**DATA BELOW:**
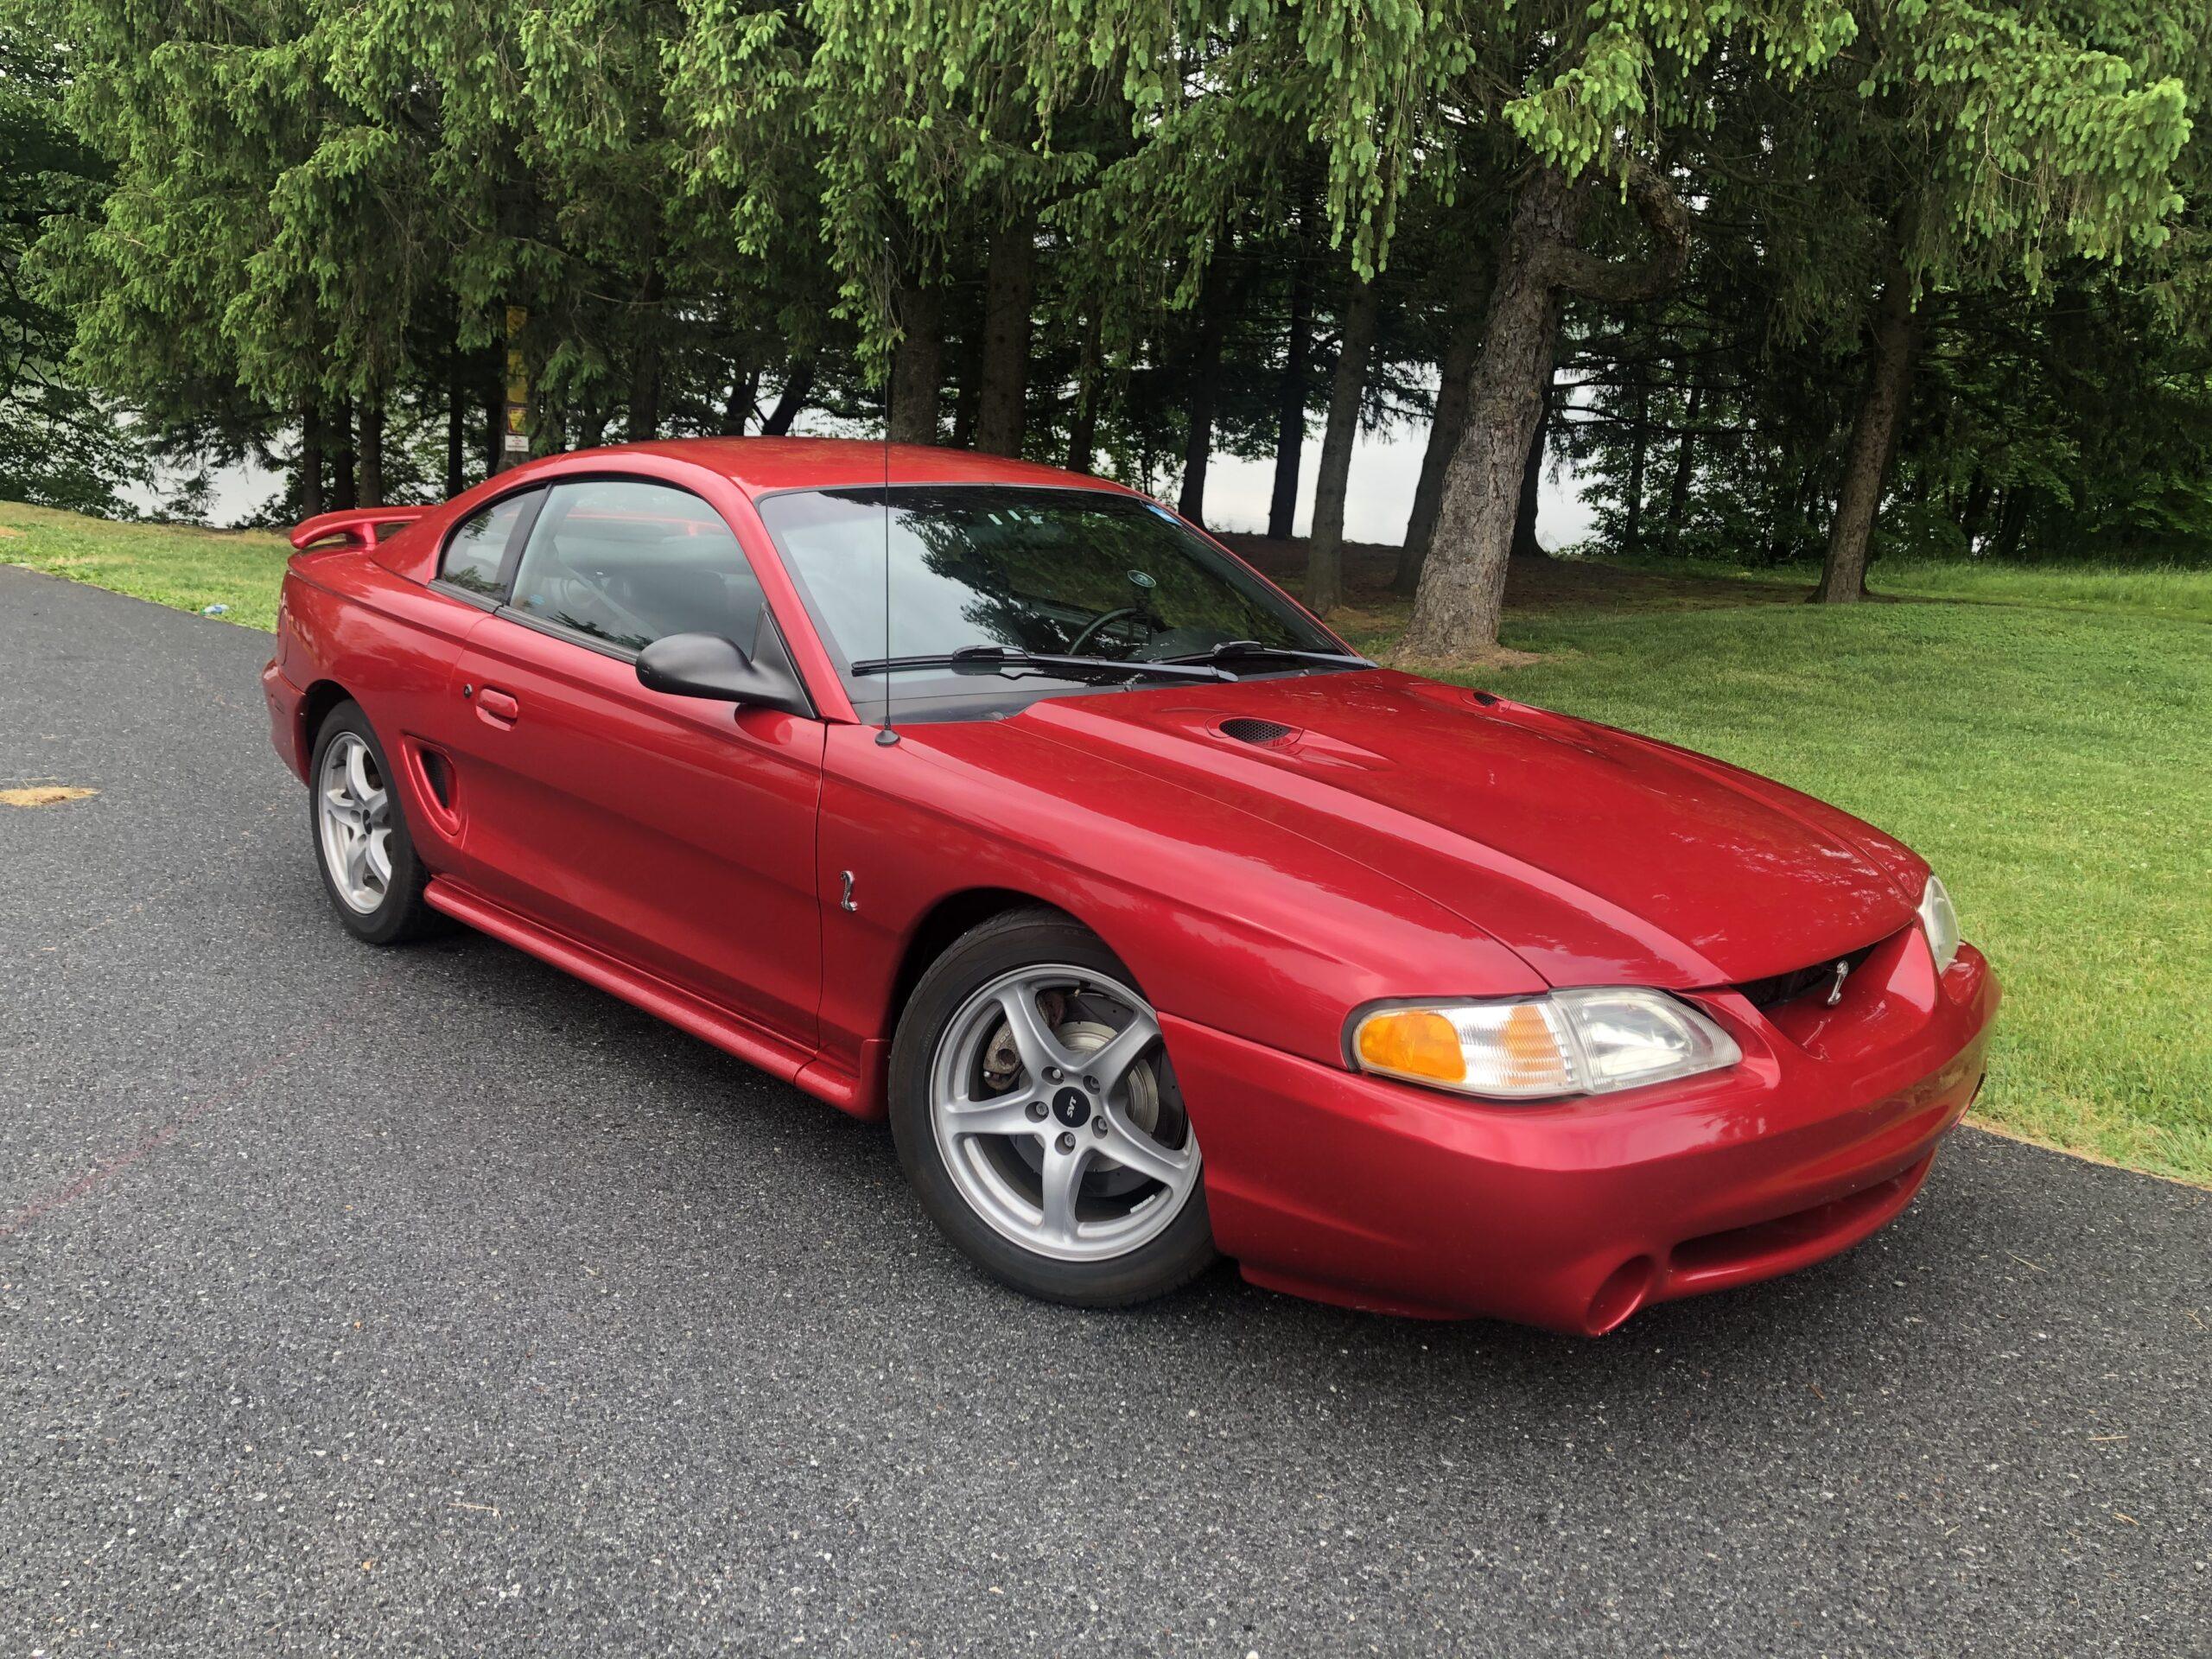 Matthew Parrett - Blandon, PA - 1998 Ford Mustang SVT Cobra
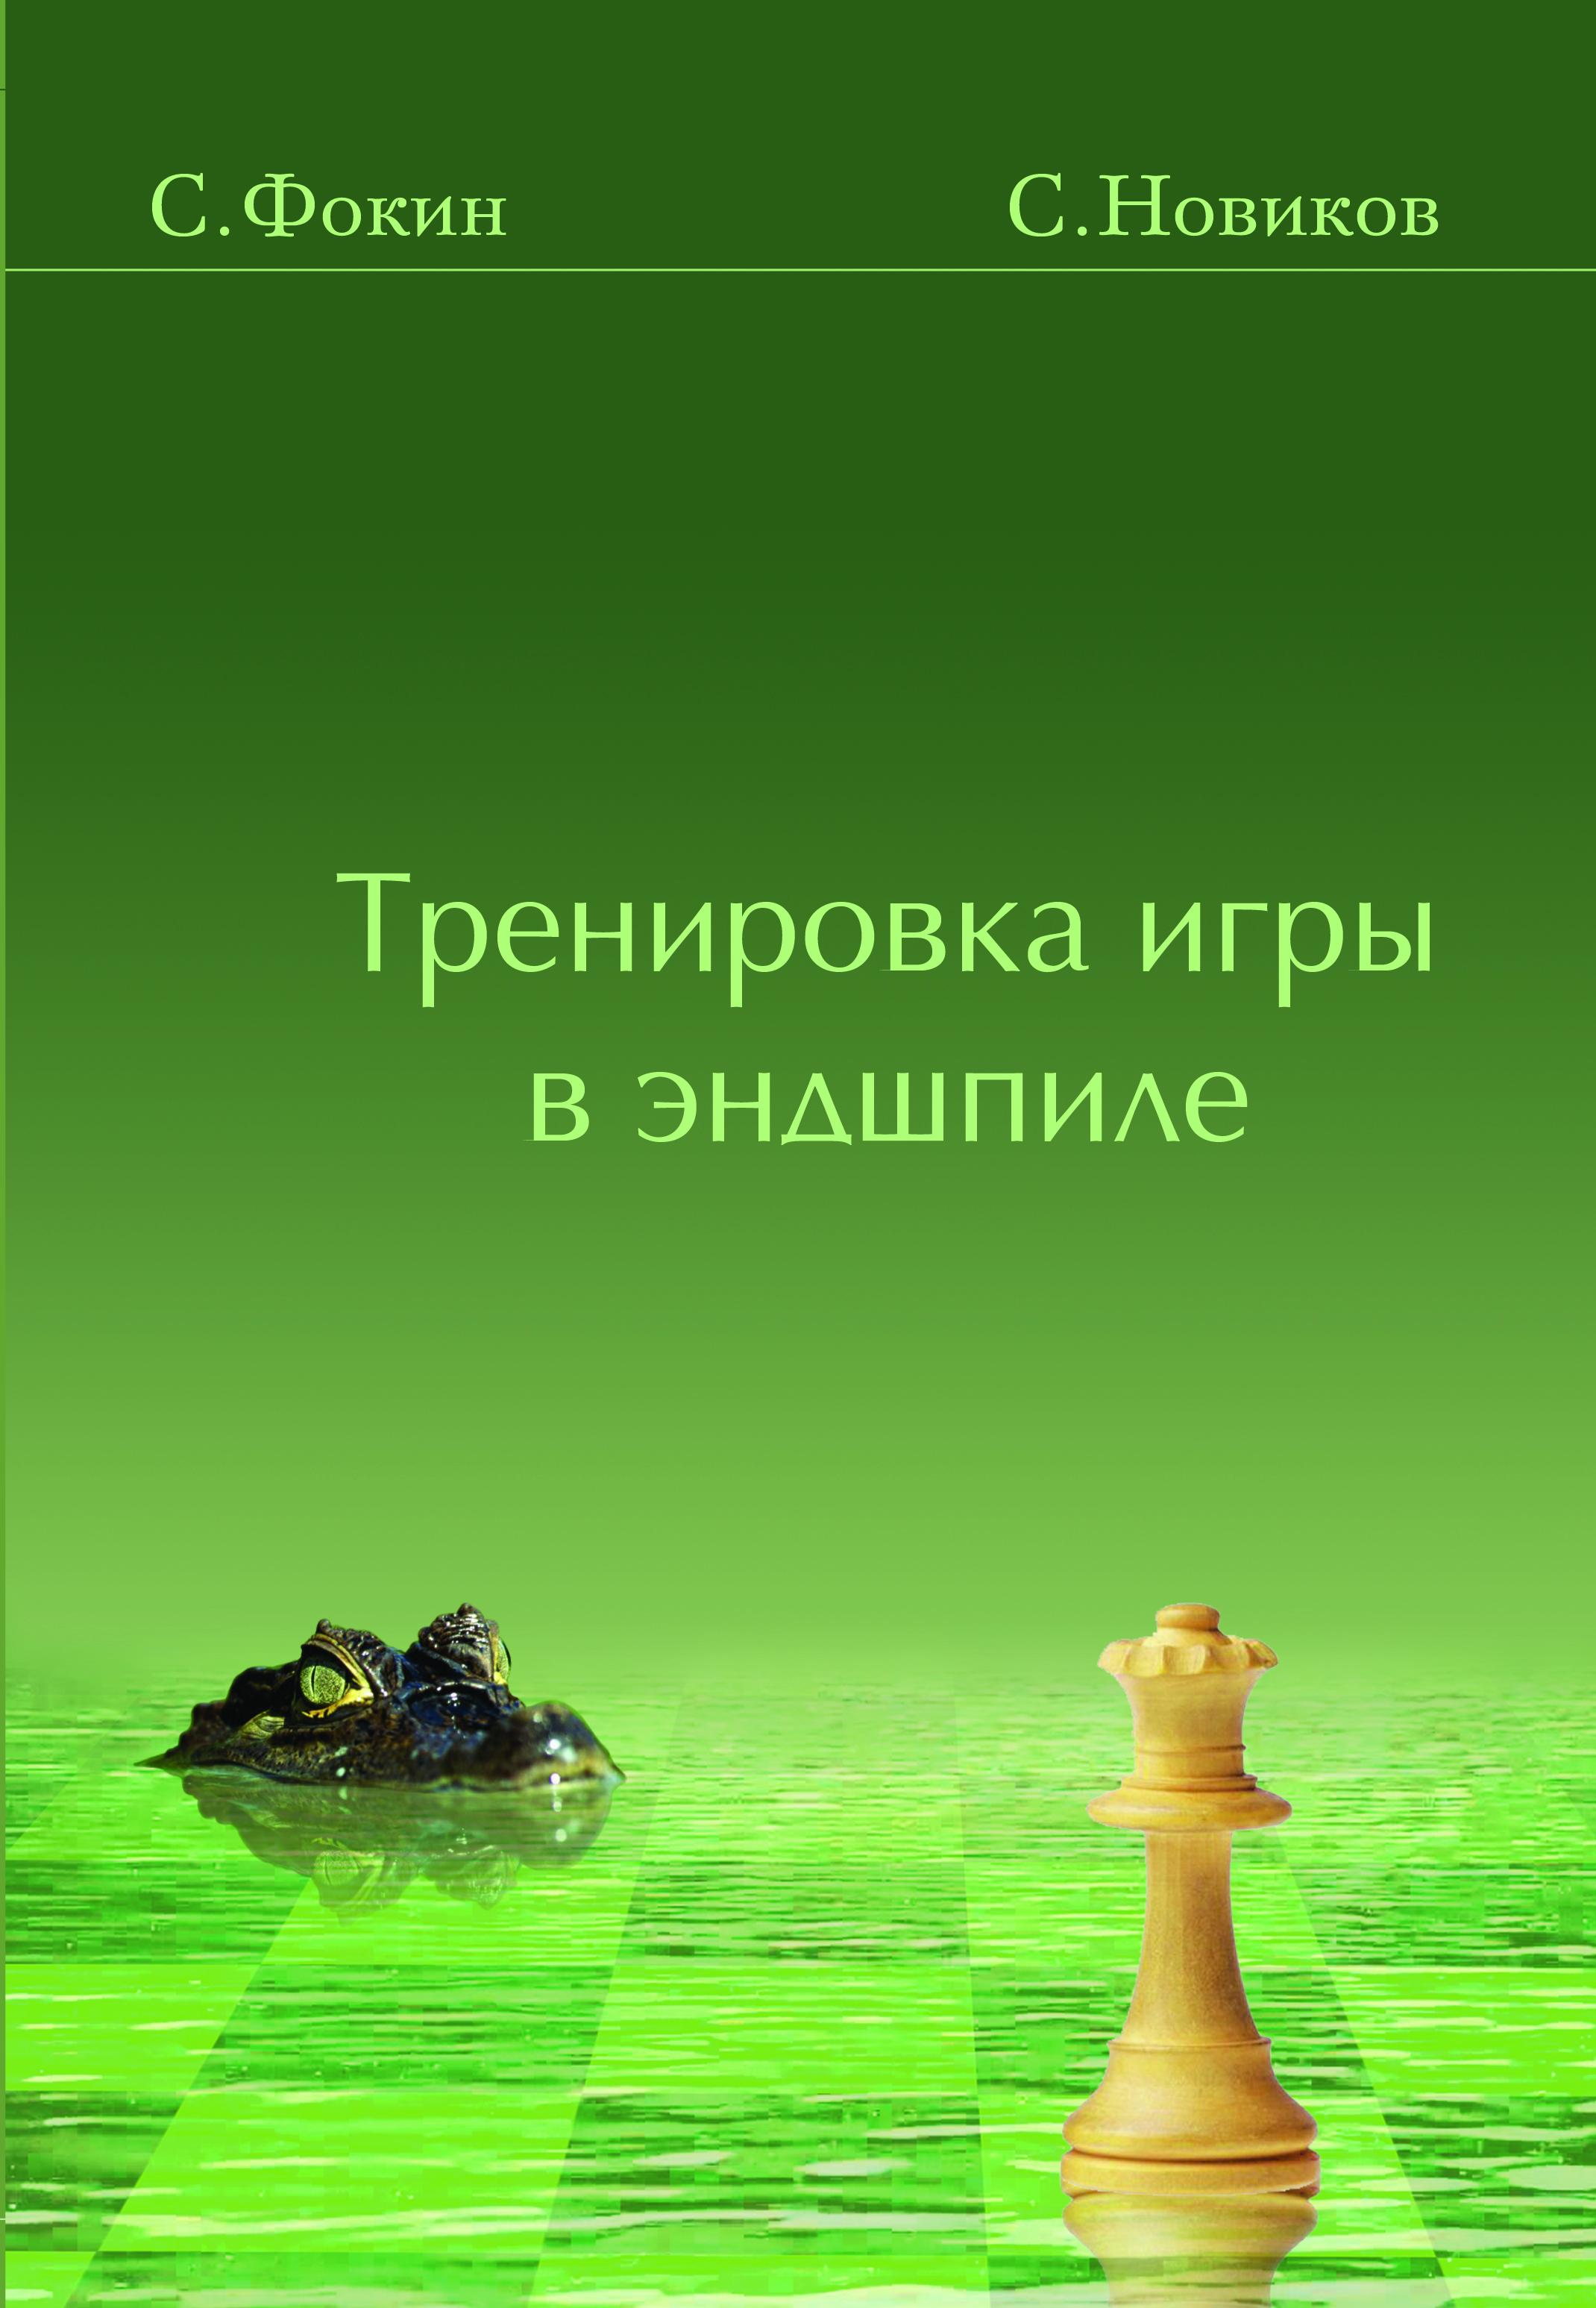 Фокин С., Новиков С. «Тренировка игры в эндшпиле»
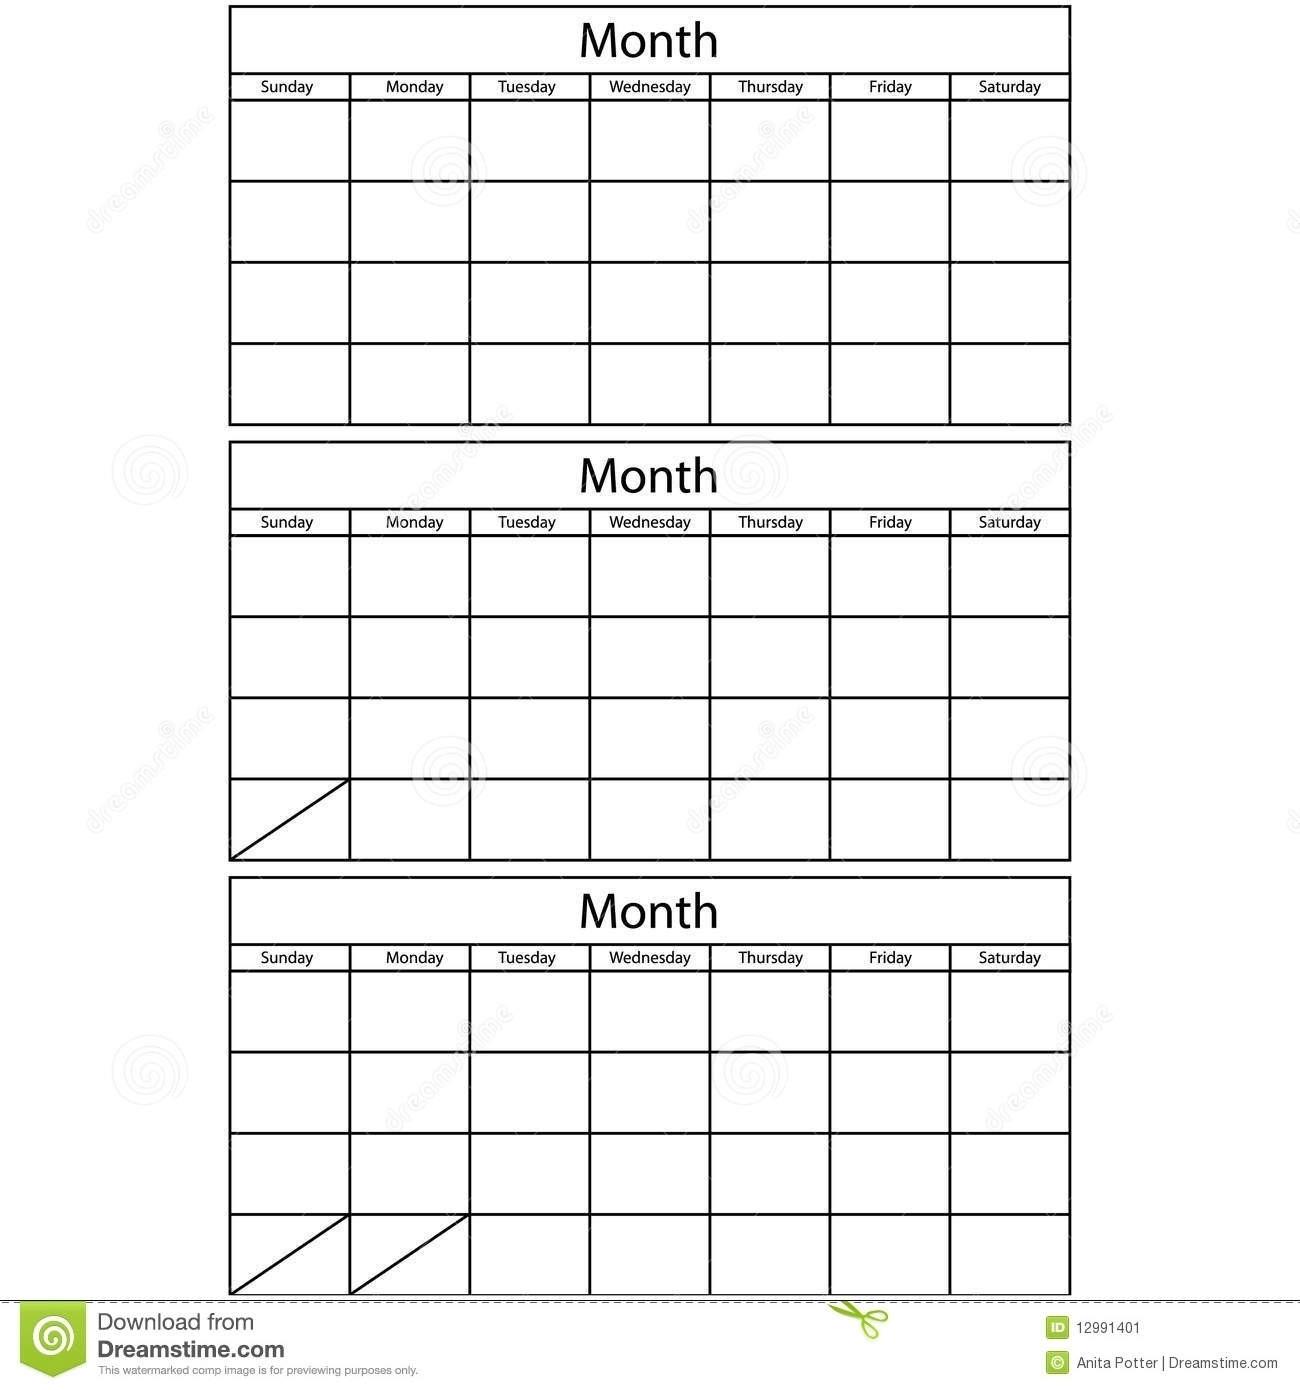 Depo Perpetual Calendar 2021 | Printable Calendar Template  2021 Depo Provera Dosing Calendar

**WHAT TO WORK ON:** Starting at the line that contains "Фокин С., Новиков", retype every line through the end of the material exactly as written, including both end lines but no pictures.

**SOLUTION TO THE EXERCISE:**
 Фокин С., Новиков С. «Тренировка игры в эндшпиле»
 Depo Perpetual Calendar 2021 | Printable Calendar Template  2021 Depo Provera Dosing Calendar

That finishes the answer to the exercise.